Парень поднялся на пригорок и огляделся.
– Все то же, то же, только нет убитых сил, прожитых лет, – демонстрируя знание классики, вслух произнес он. – Ничего как будто не изменилось. Что ж, канаем до хавиры.
Он шел мимо покосившихся стен, мимо хлипких заборчиков, мимо гревшихся на скамейках дряхлых старцев, мимо необъятных размеров баб в кое-как застегнутых, ветхих халатах, стиравших в оцинкованных корытах старенькое бельецо, и с его лица не сходила все та же презрительно-снисходительная улыбка. На него тоже посматривали с равнодушным любопытством. Иные узнавали, кивали головами, но никто не бросился ему навстречу, не потряс радостно руку и уж тем более не обнял. И дело было даже не в том, что столь горячее проявление чувств здесь просто не было принято. Местная публика вовсе не интересовала Юрия Скокова, а он не интересовал ее. Идешь своей дорогой, ну и шагай дальше.

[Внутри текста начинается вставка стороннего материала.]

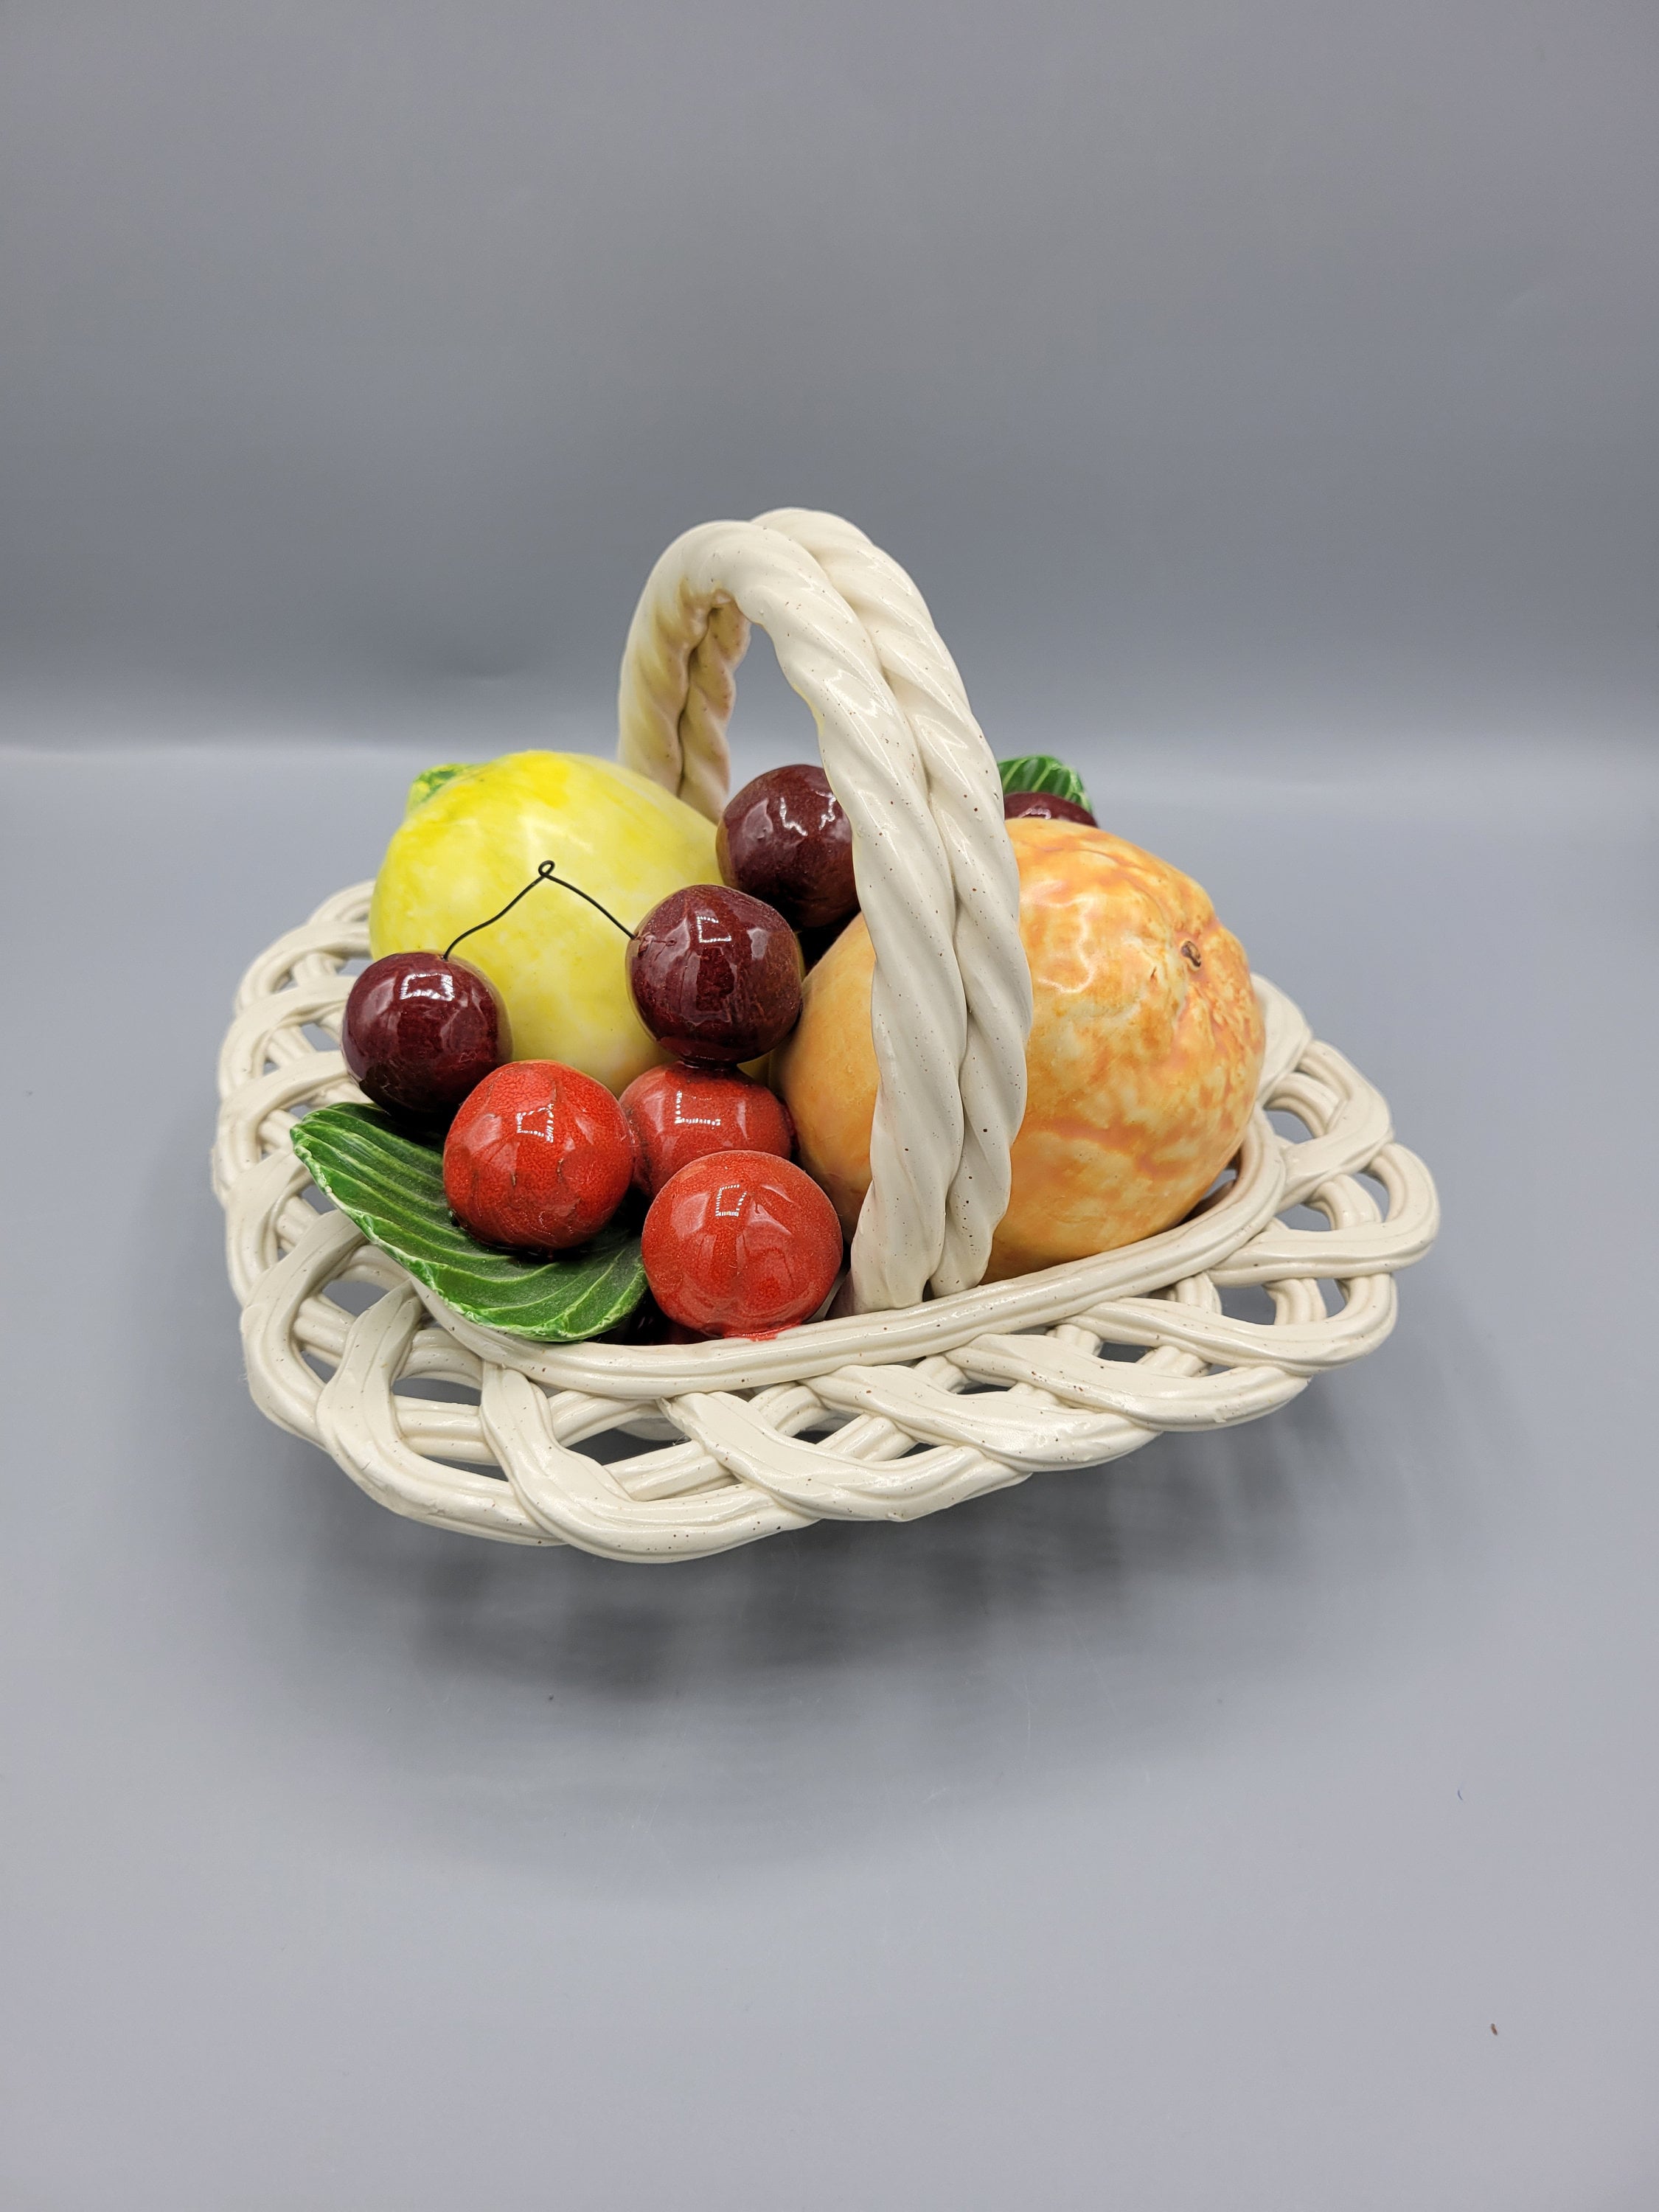 Buy Laplast Multicolour Fruit Basket 3 Pcs Online At Best Price of

Наконец молодец достиг цели, к которой шел. Землянка, где проживала его мамаша, ничем не отличалась от прочих. Разве что на задах ее виднелась голубятня, ныне совсем обветшавшая. Скок, не стучась, толкнул низенькую дверь и, согнувшись в три погибели, пролез в землянку. Пыльное оконце пропускало, однако, достаточно света, чтобы можно было разобрать, что все оставалось таким же, как и три года назад, когда он появлялся здесь в последний раз. Земляной пол, прикрытый домоткаными половиками, стол с изрезанной за многие годы пользования столешницей, небольшой навесной шкафчик для посуды… Основную же площадь землянки, помимо печи, занимала кровать, на которой в эту минуту возлежала мамаша. Похоже, она была нетрезва, поскольку в землянке стоял густой дух водочного перегара, а на столе возвышалась на две трети опустошенная бутылка, валялись обкусанная краюха хлеба и перья зеленого лука, а также стояла алюминиевая миска с остатками кислой капусты и жареной картошки.
Мамаша проснулась от шума, отверзла воспаленные очи, но не сразу поняла, кто перед ней находится.
– Эй?! Ты кто?! Чего надо?
– Протри зенки и погляди внимательнее, – грубовато отозвался визитер.
Женщина и вправду потерла глаза грязноватой ладонью и ощерилась в подобии улыбки.
– А, Юрка, – засмеялась она, продемонстрировав беззубый рот, – откинулся, хитрован.
– А то…
– Водки хочешь?
– Мне бы пожрать сначала, а уж потом…
– Сейчас картошечки нажарю, яишенку сварганю, – засуетилась мамаша, слезая с койки. – Не ожидала, сынок, что явишься сюды.
– Я и сам не ожидал, – равнодушно отозвался Скок. – Чего я забыл в ваших трущобах? Как жили в дерьме, так и живете.
– А чего нам! – хмыкнула мамаша. – Была бы водка, была б селедка… – скорее прокаркала, чем пропела она.
– Вот-вот. Уроды!
– Ну ты брось… Не нужно ругаться. Живем, как можем. Не всем же в высоких замках обитать. Рак вон в речке залез в норку – и доволен. Сидит в ней и усами шевелит. И мы таковские.
В процессе столь содержательной беседы мамаша успела сноровисто растопить печь, споро начистила картошки, и вот уже на плите затрещало, зашипело в большой чугунной сковороде.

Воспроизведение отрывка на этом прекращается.